Страница 26 из 118
— И Танаса будут испытывать?
— Нельзя без этого!
— Тогда я ему скажу!
— Скажешь — вусмерть разобидишь ни за что! Как же это — тебе испытание истинное, а ему будто шутейное!
Андрей примолк и снова занялся едой. Отец тронул его лоб ладонью.
— Гляди-ка! Набегался по морозу, и хоть бы что!
— Я крепкий!
Отец улыбнулся.
— Я Танасу говорить не буду, — снова начал мальчик, — только пусть его не мучают так… Ты сам знаешь как!..

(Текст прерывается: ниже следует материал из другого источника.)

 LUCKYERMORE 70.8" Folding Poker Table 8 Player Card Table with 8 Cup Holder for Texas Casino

— То не в моей воле, — отвечал князь твердо. — То законы ратного братства. Дружинник вольный — это тебе не холоп оружный, не горожанин с мечом! Дружина за князя животы свои кладет, не щадит жизней своих; но и князь дает волю дружине — сладкий кус, и питье хмельное, и забавления буйные. Свои волости у дружины вольной, и не след, грех нарушать их!..

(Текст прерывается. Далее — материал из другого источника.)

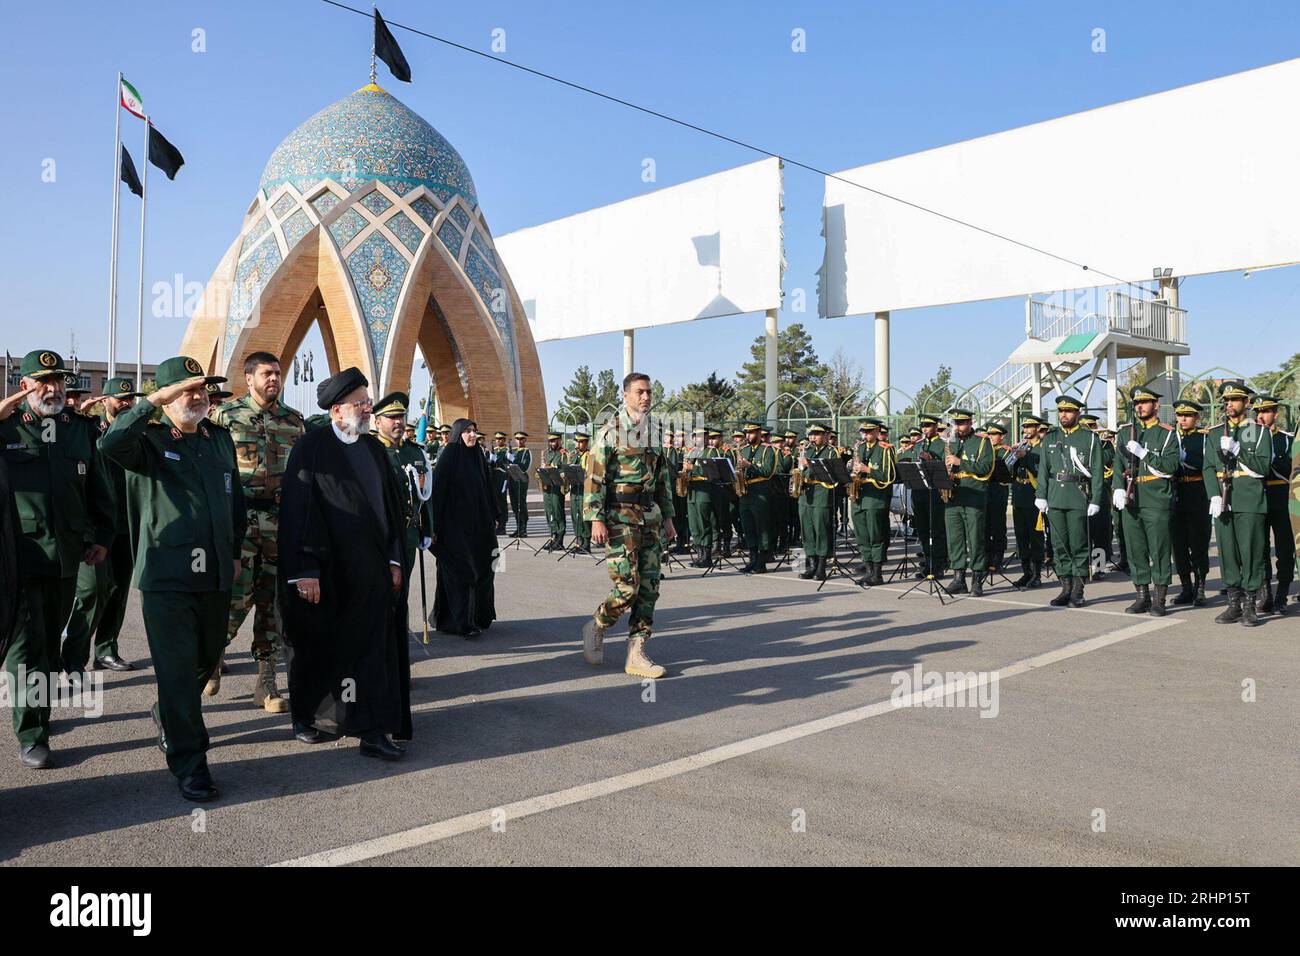 Tehran, Iran. 18th Aug, 2023. Iranian president EBRAHIM RAISI (4L) and IRGC commander-in-chief HOSSEIN SALAMI (2L) attend during a meeting with high-ranking commanders and members of Iran's Islamic Revolution Guards Corps (IRGC). The Islamic Revolutionary Guard Corps, also called Sepah or Pasdaran, is a multi-service primary branch of the Iranian Armed Forces. It was officially established by Ruhollah Khomeini as a military branch in May 1979, in the aftermath of the Islamic Revolution. Whereas the Iranian Army protects the country's sovereignty in a traditional capacity, the IRGC's constitut Stock Photo

— А я думал, — проговорил мальчик чуть возбужденно, — я думал, это Александр сам… нарочно… и что ты его накажешь за это… и что тогда я скажу, что не надо наказывать его из-за меня… потому что это все равно что судьбу мою наказывать! Нельзя ведь наказать свою судьбу или убежать, спрятаться от нее… Но я понял, сейчас понял, можно не бояться своей судьбы!..
Отец смотрел на маленького сына огромными своими глазами, но теперь они не казались замершими, ожили совсем и выражали изумление почти радостное, боль и восторг… Но маленький Андрей, увлеченный словами, внезапно и с такой верностью явившими его смутные доселе мысли, не приметил отцовского взгляда…

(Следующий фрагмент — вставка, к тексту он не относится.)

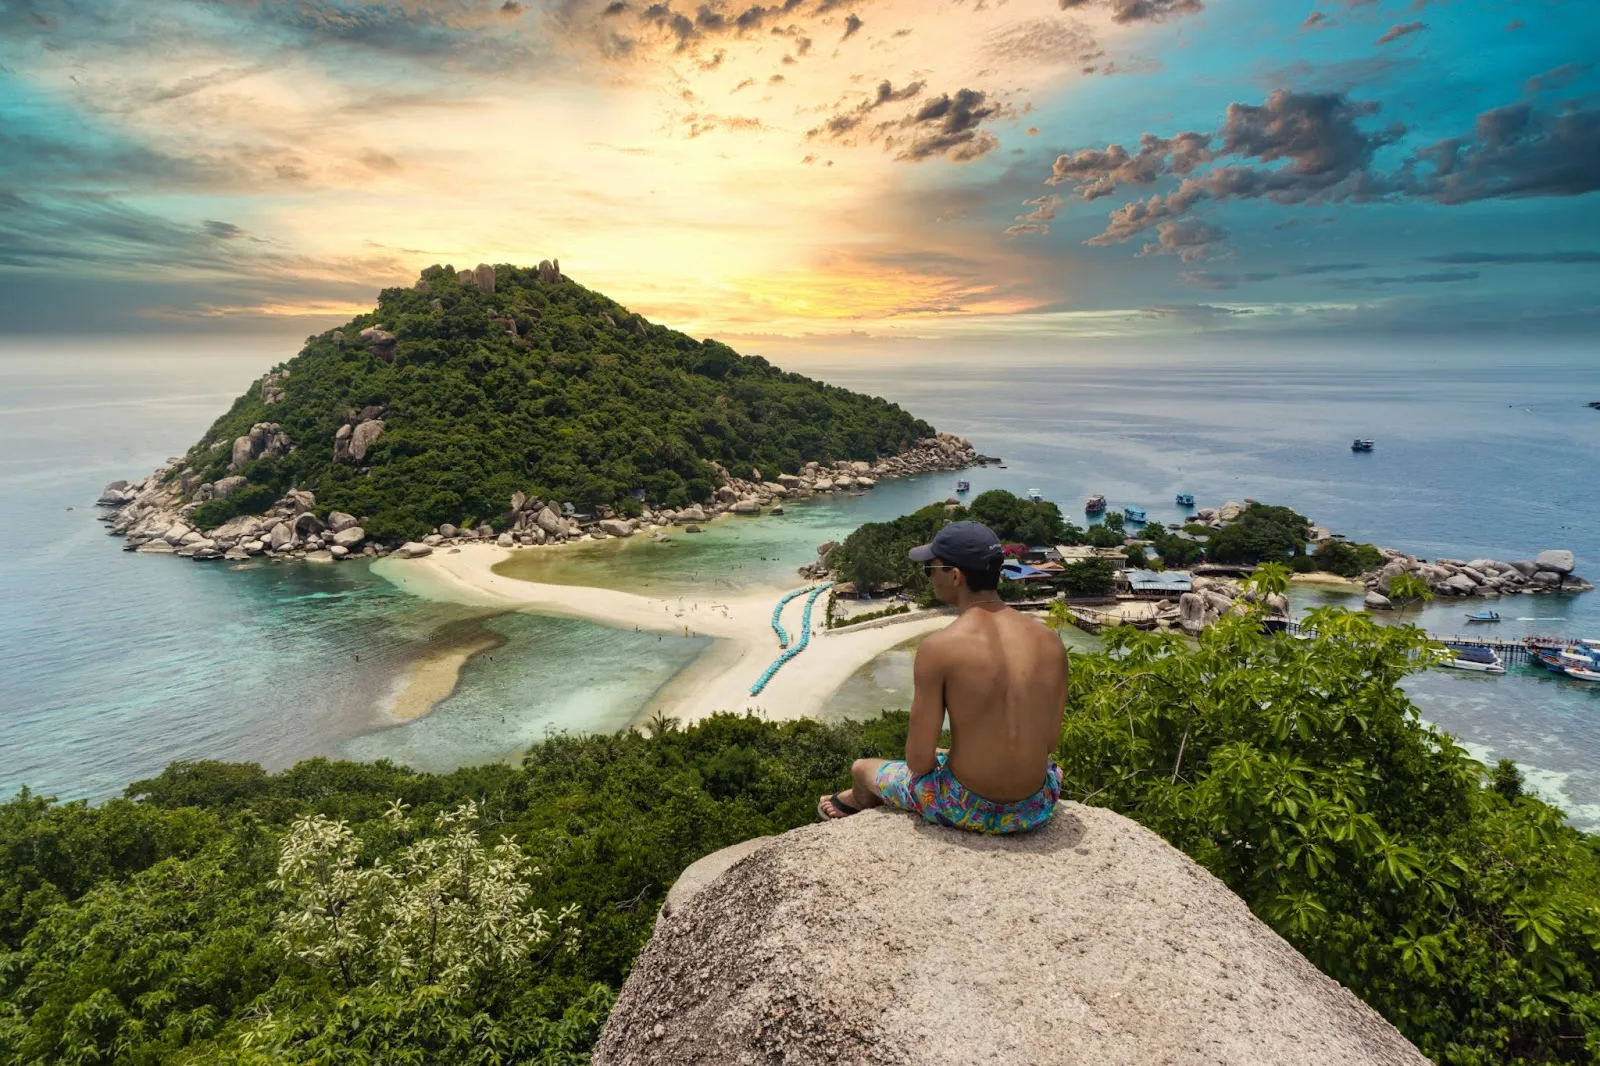 A man sitting on the edge of the cliff looking at the overview of Koh Tao

Вошел Александр, быстрыми широкими шагами подошел к младшему брату, шлепнул сильной жесткой рукой по плечу. Но ласково заговорил и виновно:
— Миленький! Чика!..
Андрей посмотрел на отца. Отцовские глаза теперь смеялись. Александр увидел этот блеск веселый.
— За муки княжича казнишь ли меня, князь? — поклонился отцу. Чертушки озорные так и заходили в Александровых глазах.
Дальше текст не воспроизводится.